In the material below, the line holding "Pa. gubernatorial debate" and every line after it should be reproduced exactly, please, with pictures omitted.

Data below:

_ _ _

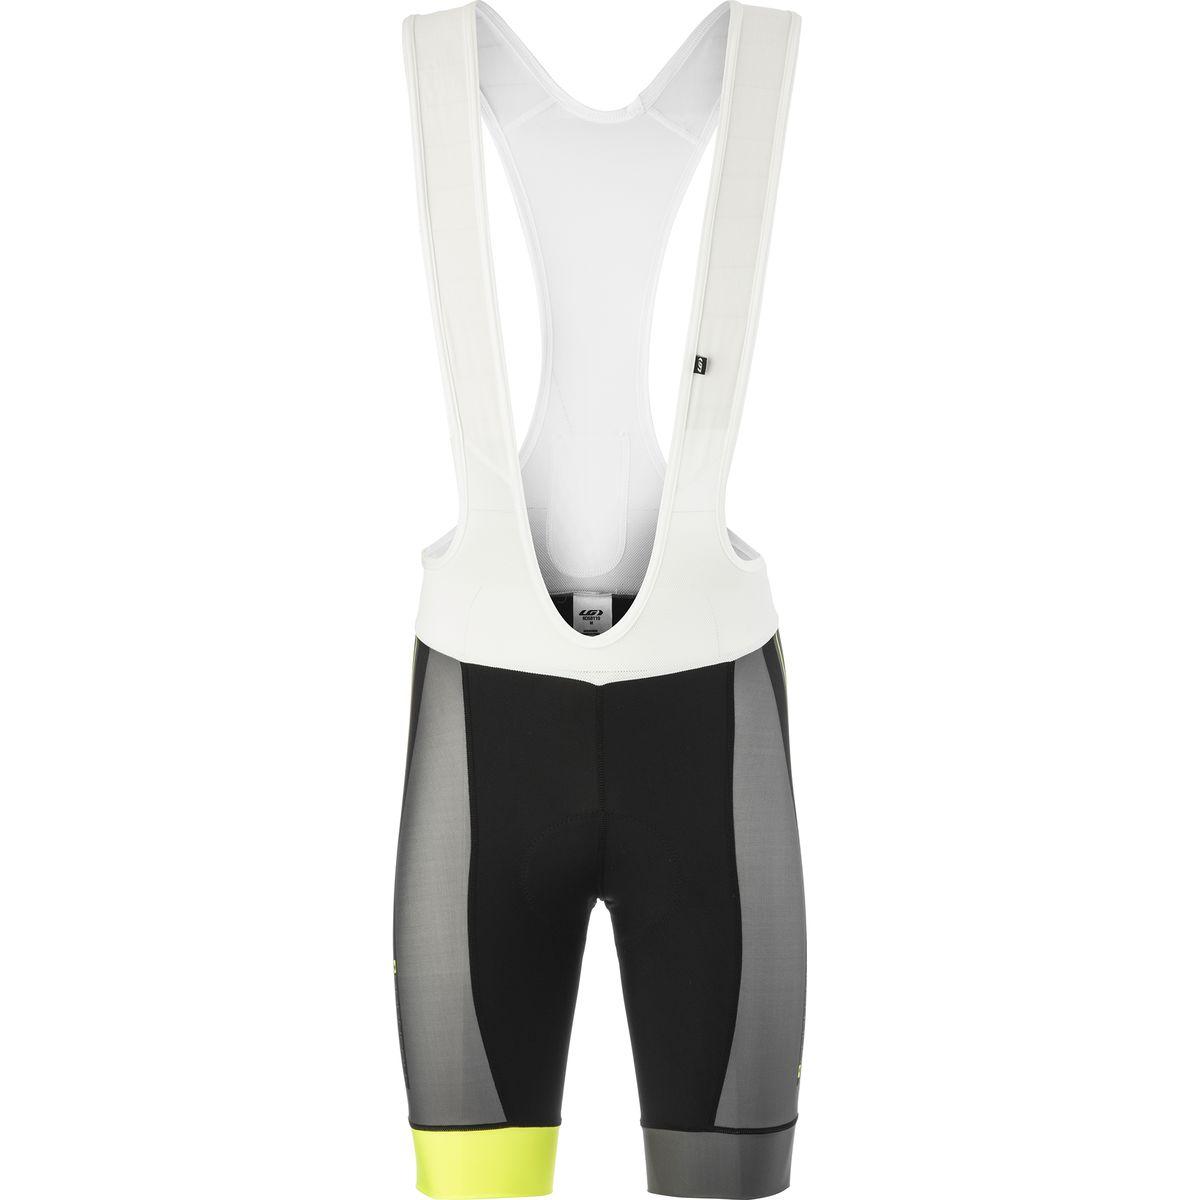 Louis Garneau Equipe 1.6 Bib Short - Men's
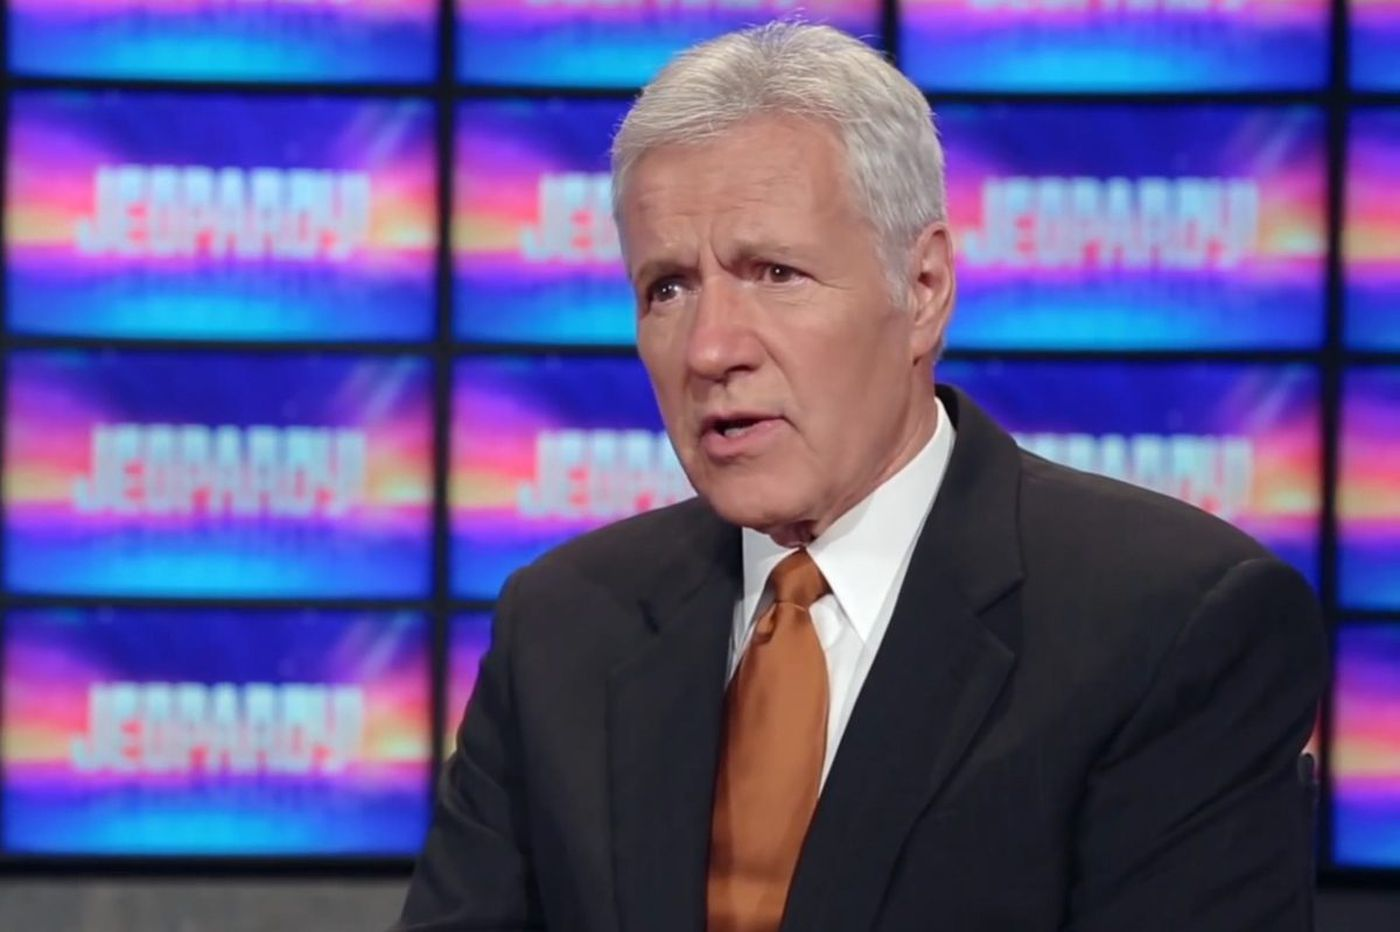 'Jeopardy!' host Alex Trebek to moderate a Pa. gubernatorial debate
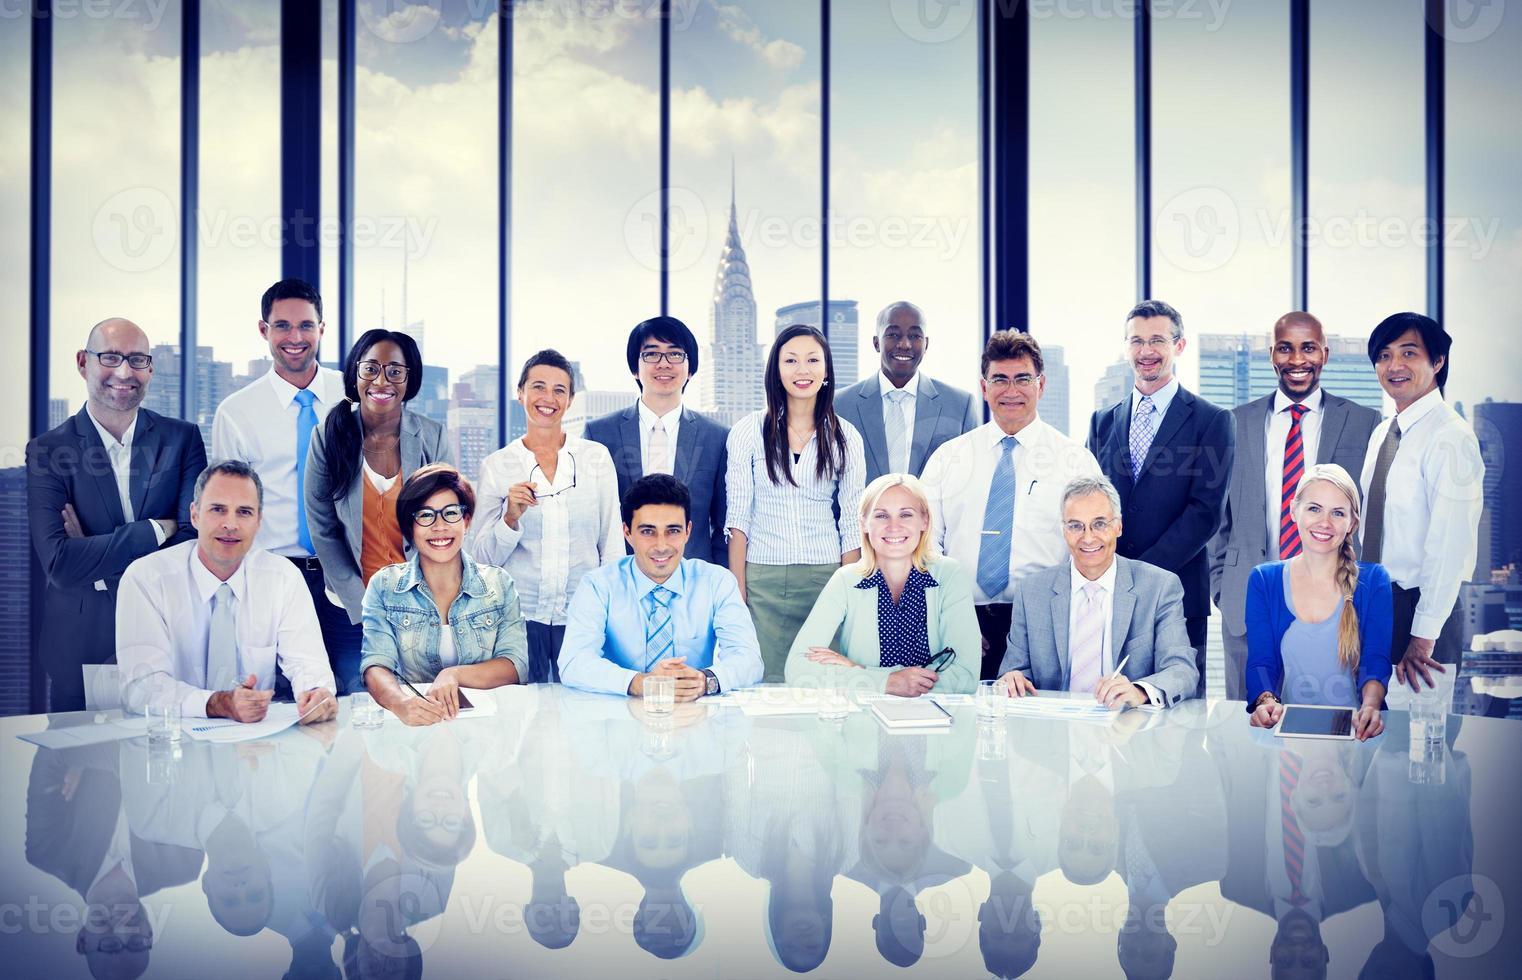 affärsfolk mångfald team företag professionella kontor con foto
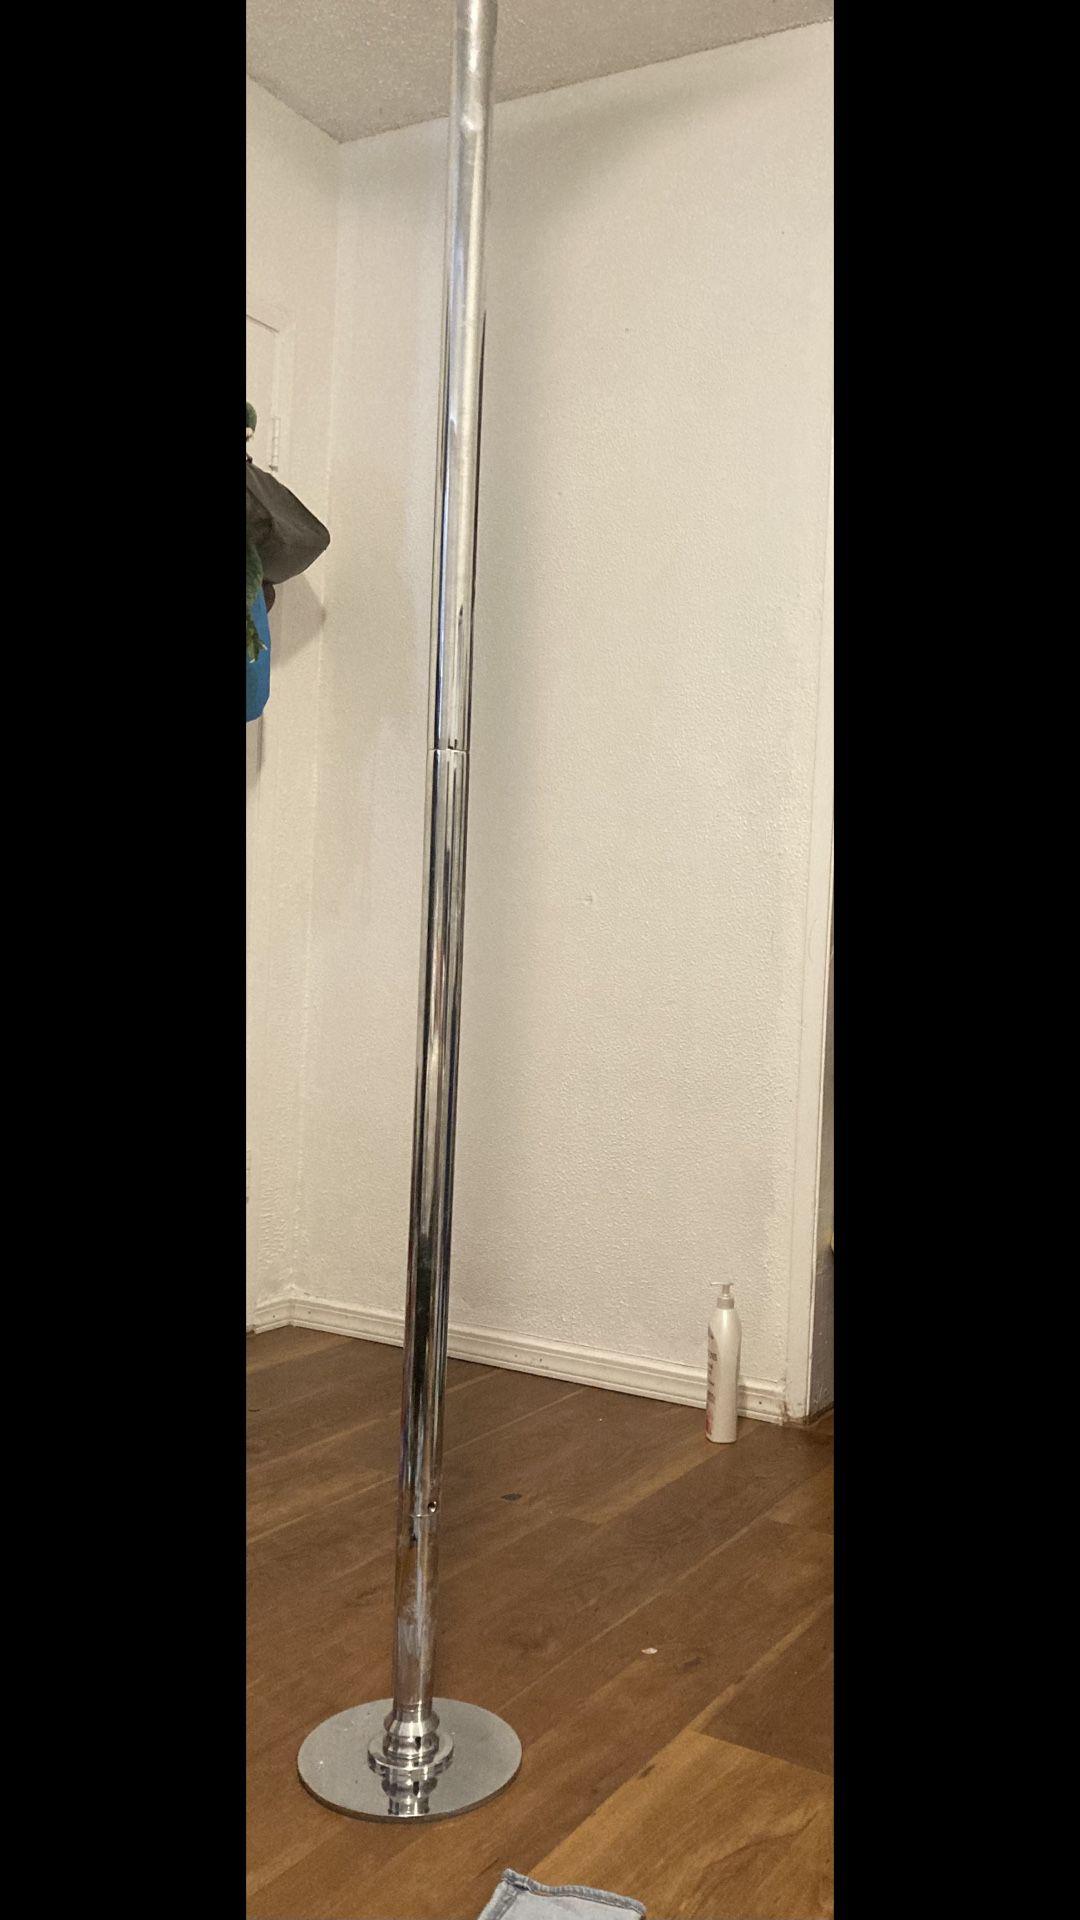 Stripper Dancing Pole

_ _ _

Expected answer:
 'Jeopardy!' host Alex Trebek to moderate a Pa. gubernatorial debate
 affärsfolk mångfald team företag professionella kontor con foto
 Stripper Dancing Pole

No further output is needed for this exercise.